A survey on natural language processing (nlp) and applications in insurance
Ly, Antoine, Uthayasooriyar, Benno, Wang, Tingting
Text is the most widely used means of communication today. This data is abundant but nevertheless complex to exploit within algorithms. For years, scientists have been trying to implement different techniques that enable computers to replicate some mechanisms of human reading. During the past five years, research disrupted the capacity of the algorithms to unleash the value of text data. It brings today, many opportunities for the insurance industry.Understanding those methods and, above all, knowing how to apply them is a major challenge and key to unleash the value of text data that have been stored for many years. Processing language with computer brings many new opportunities especially in the insurance sector where reports are central in the information used by insurers. SCOR's Data Analytics team has been working on the implementation of innovative tools or products that enable the use of the latest research on text analysis. Understanding text mining techniques in insurance enhances the monitoring of the underwritten risks and many processes that finally benefit policyholders.This article proposes to explain opportunities that Natural Language Processing (NLP) are providing to insurance.
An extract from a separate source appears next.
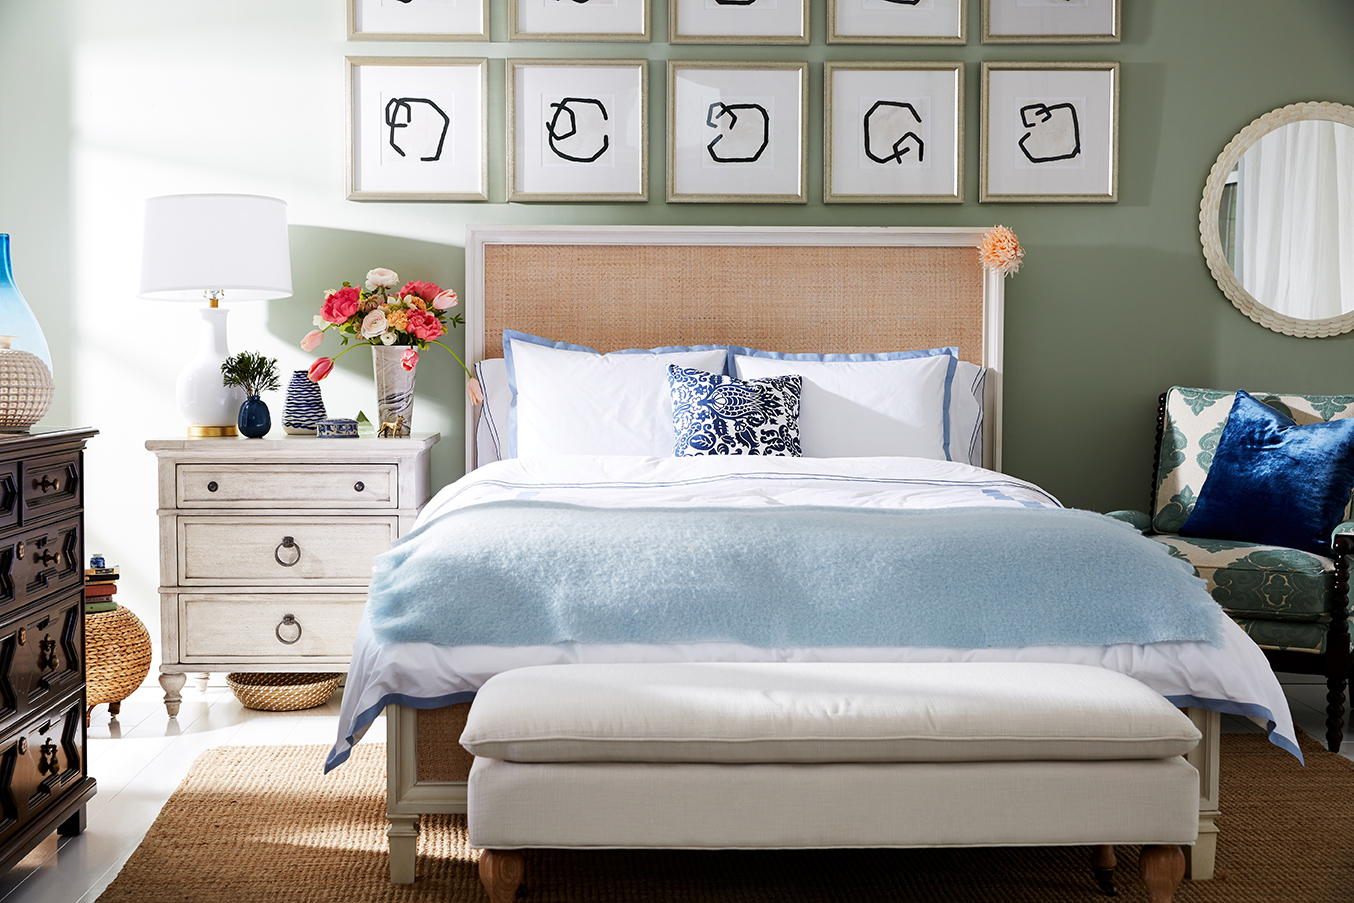 72616_LIFE-Spring-Texture-Bedroom-0419.jpg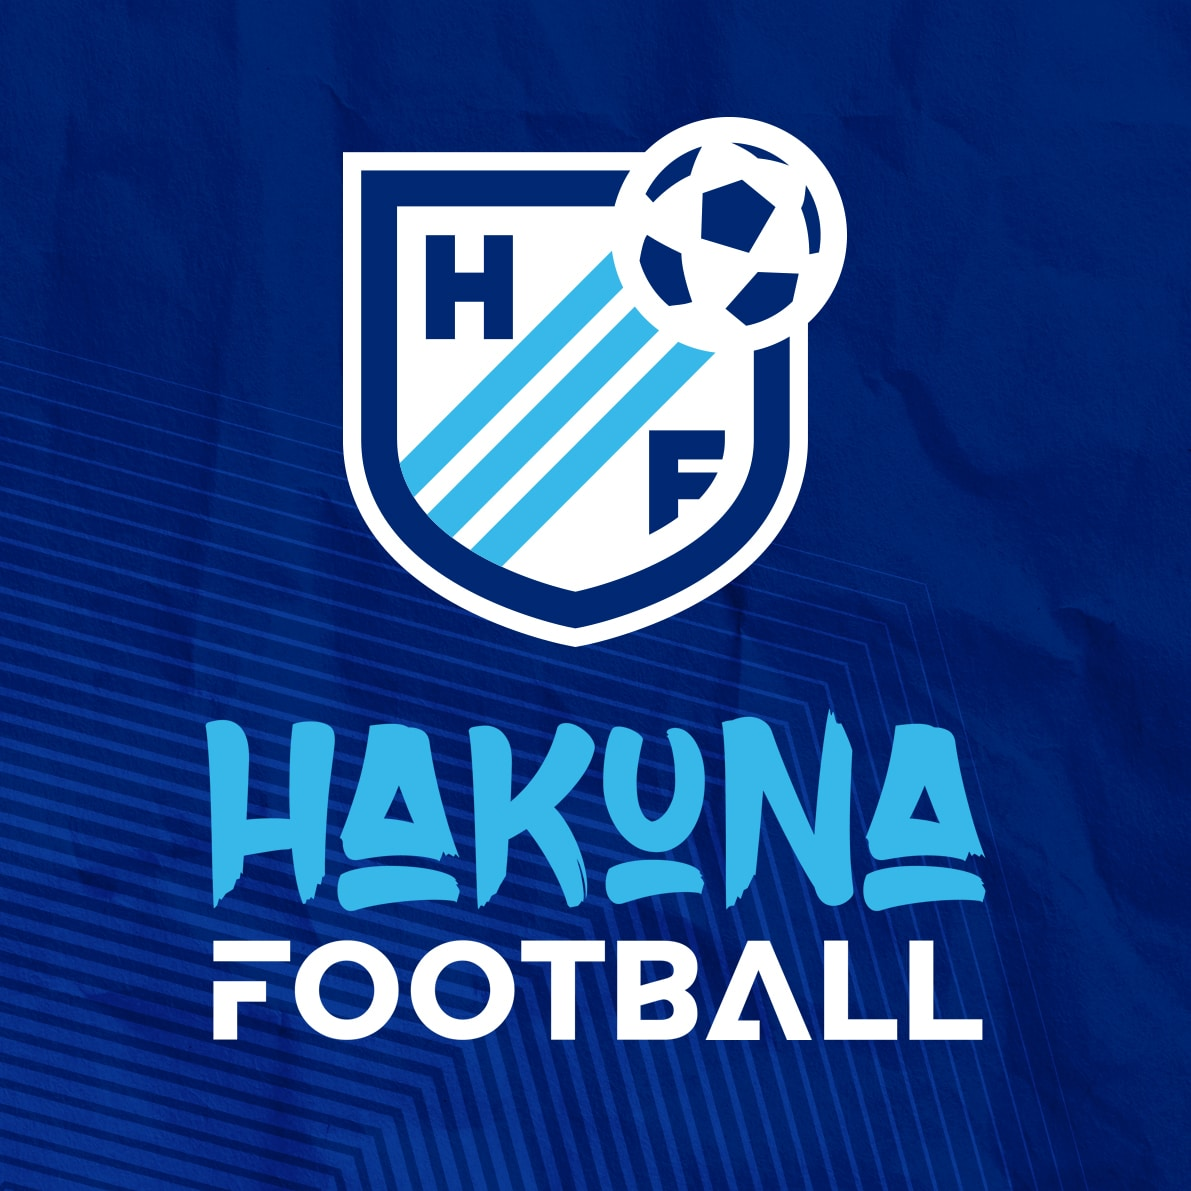 C.E Hakuna

It details different methods used today in practice traces back the story of them. We also illustrate the implementation of certain methods using open source libraries and python codes that we have developed to facilitate the use of these techniques.After giving a general overview on the evolution of text mining during the past few years,we share about how to conduct a full study with text mining and share some examples to serve those models into insurance products or services. Finally, we explained in more details every step that composes a Natural Language Processing study to ensure the reader can have a deep understanding on the implementation.